Filed under: Economics,Politics,Russia — The Professor @ 8:25 pm

It’s no secret that I despise Tom Friedman.  So perhaps it will surprise you to learn that I actually agree with something he wrote.  Discussing the Russian spy flap after returning from vacation (H/T S/O via R–never thought I’d write that), he says:

Everything the Russians should want from us — the true source of our strength — doesn’t require a sleeper cell to penetrate. All it requires is a tourist guide to Washington, D.C., which you can buy for under $10. Most of it’s in the National Archives: the Bill of Rights, the Constitution and the Declaration of Independence. And the rest is in our culture and can be found everywhere from Silicon Valley to Route 128 near Boston. It is a commitment to individual freedom, free markets, rule of law, great research universities and a culture that celebrates immigrants and innovators. [Emphasis added.]

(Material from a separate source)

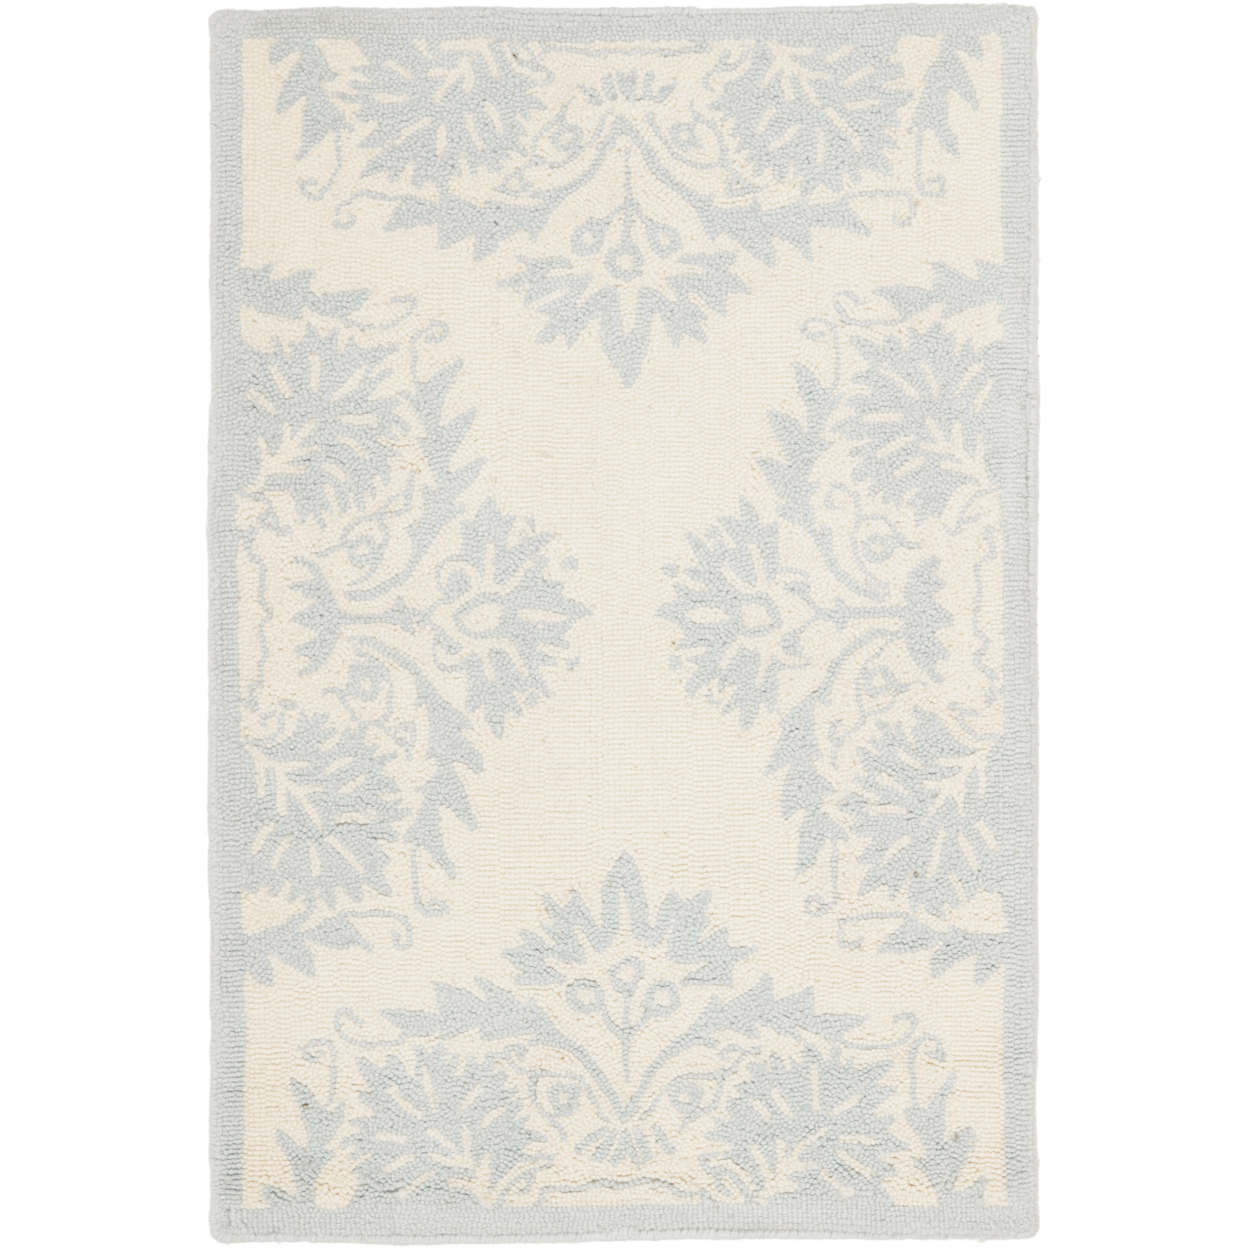 SAFAVIEH Chelsea HK359A Hand-hooked Ivory / Blue Rug - 2' 6 X 4'
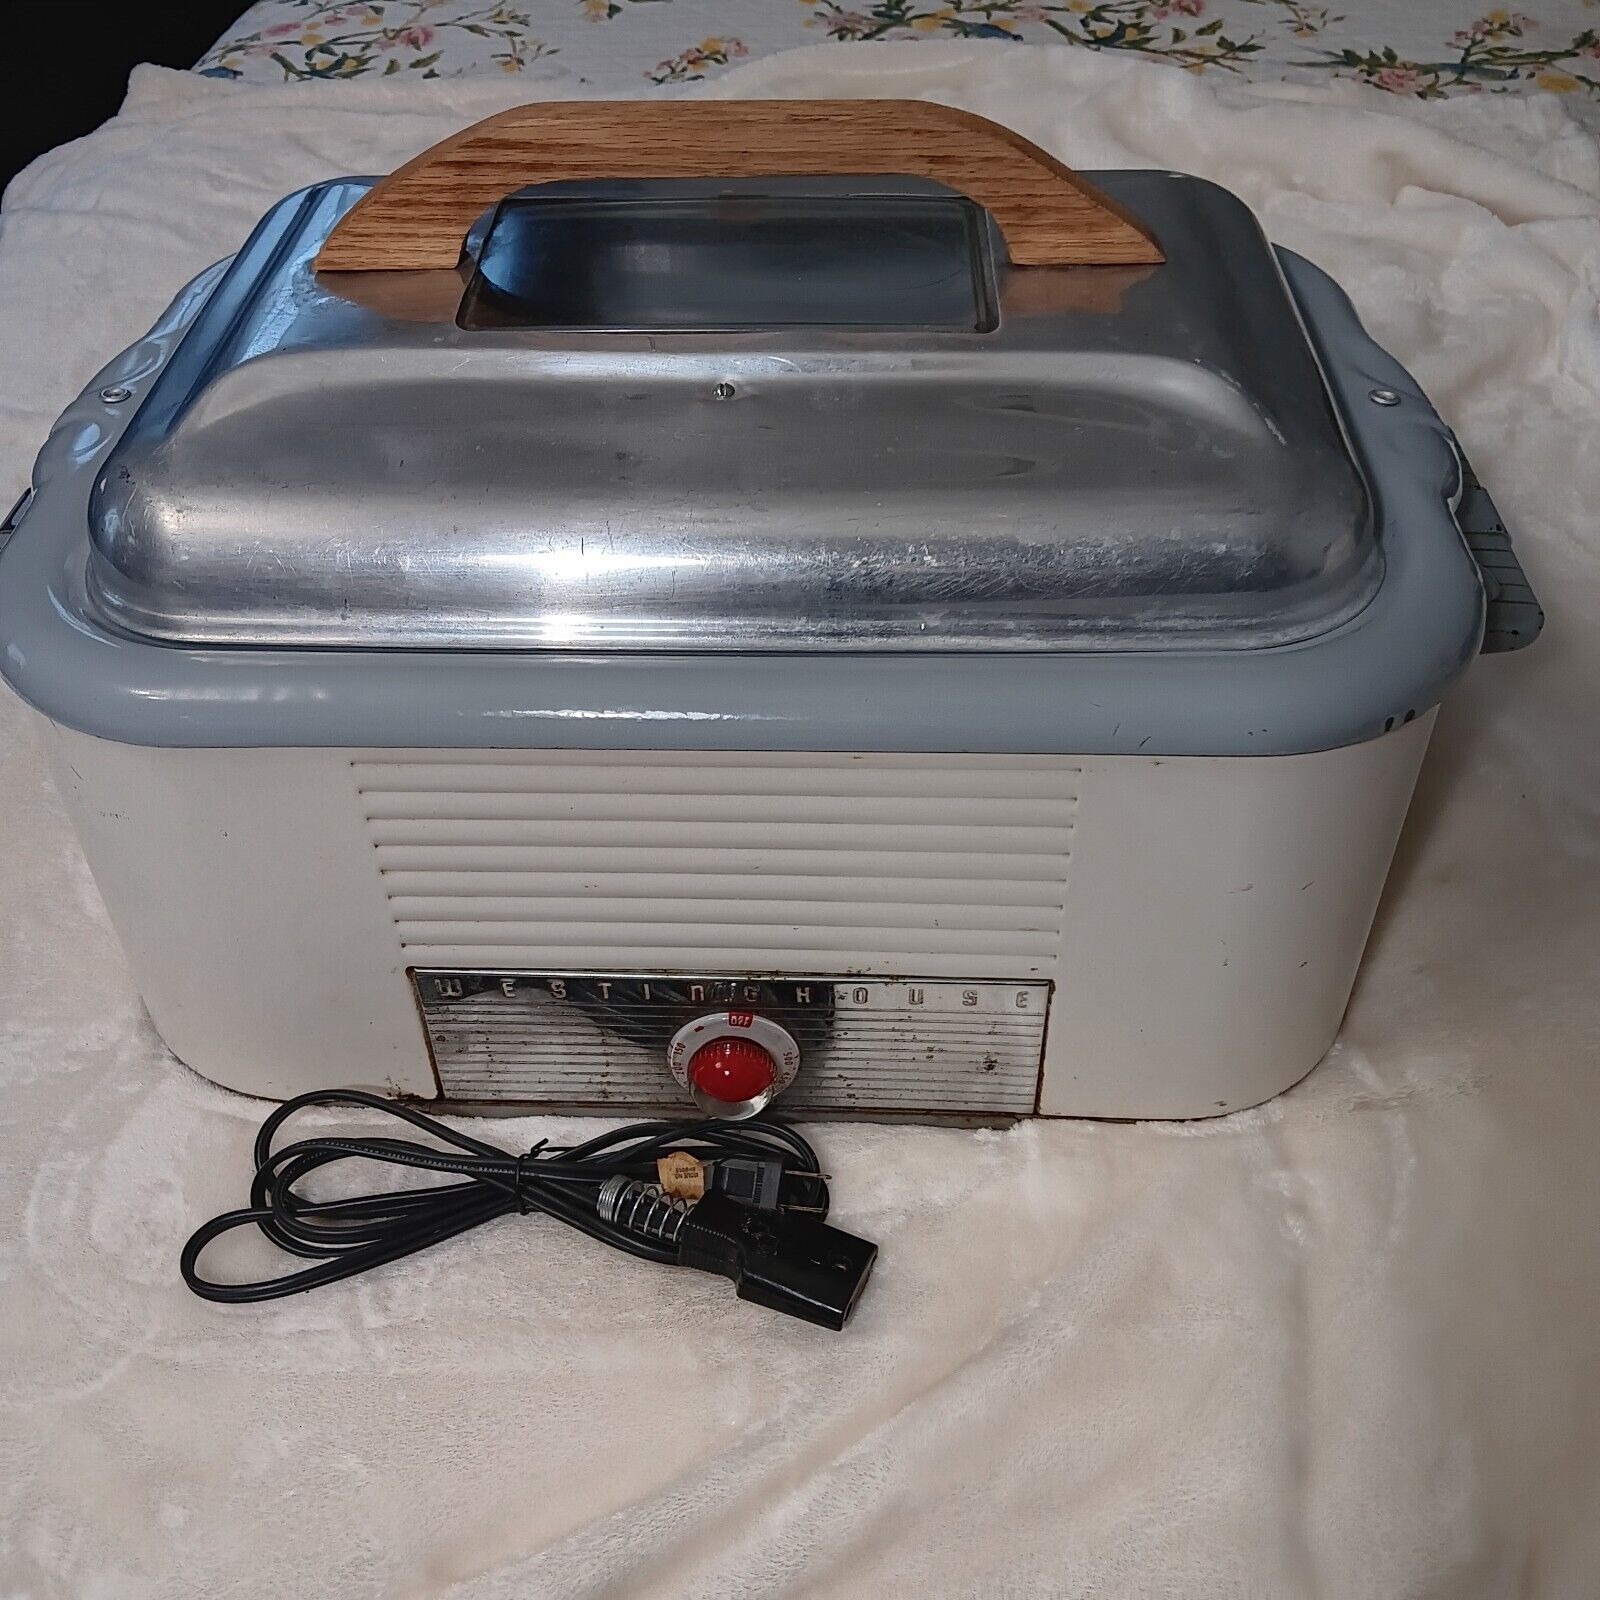 Vintage 1950s Westinghouse Electric Roaster Oven RO-91  18 quarts WORKS

Now if the Russians start to find all that and take it home, then we’d have to start taking them more seriously as competitors. But there is little indication of that. Indeed, as Leon Aron, director of Russian studies at the American Enterprise Institute, noted in a recent essay, President Dmitri Medvedev of Russia just announced plans to build an “Innovation City” in Skolkovo, outside Moscow. This “technopolis” is planned as a free-enterprise zone to attract the world’s best talent.

There is just one problem, notes Aron: “Importing ideas and technology from the West has been a key element in Russia’s ‘modernizations’ since at least Peter the Great in the early 18th century. … But Russia has tightly controlled what it imported: Machines and engineers, yes. A spirit of free inquiry, a commitment to innovation free from bureaucratic ‘guidance’ and, most important, encouragement of brave, even brash, entrepreneurs who can be confident they will own the results of their work — most certainly no. Peter and his successors sought to produce fruit without cultivating the roots. … Only a man or woman free from fear and overseers can build a Silicon Valley. And such men and women are harder and harder to come by in Russia today. … Disgusted and scared by the lawlessness and rampant corruption. … Russian entrepreneurs are investing very little in their country beyond their immediate production needs.”


Now that I’ve given Friedman an attaboy, I will proceed to take many times that number away.

For Friedman’s main objective in this column is not to point out Russia’s structural economic problems.  Instead, it is to take a left-handed slap at the US.  (Of course, since Friedman has two left hands, what other kind of slap could there be?)

In his telling, Russia vs. US is a battle of washed up has beens: it is like “one of those senior tennis tournaments — John McEnroe against Jimmy Connors, long after their primes — or maybe a rematch between Floyd Patterson and Sonny Liston in their 60s. You almost want to avert your eyes.”

No, Friedman would be proud if we were being spied on by Finnish schoolteachers, Singaporean bureaucrats, Hong Kong securities regulators, or South Korean bandwidth investors (what is it with liberals and their bandwidth fetish?), because they’re all the best in the world and the US is a lackluster failure in these areas.

Earth to Friedman: lack of Finns is not the problem in US schools.  That is attributable directly to a group of individuals whom, I am sure, are among his biggest boosters.  And Hong Kong securities regulators?  Is he serious?  (Cf., Rusal, IPO of.)

But the fact that the US isn’t best in everything is neither here nor there.  (The Finns suck at basketball.  So?)

No, what is amazing is Friedman’s colossal inconsistency.  He nearly wets himself  when he writes about China.  He aches with envy at the Chinese ability to dispense with niceties like due process, property rights, division of powers, etc., so that they can act as enlightened despots, bringing a Green prosperity using Red methods.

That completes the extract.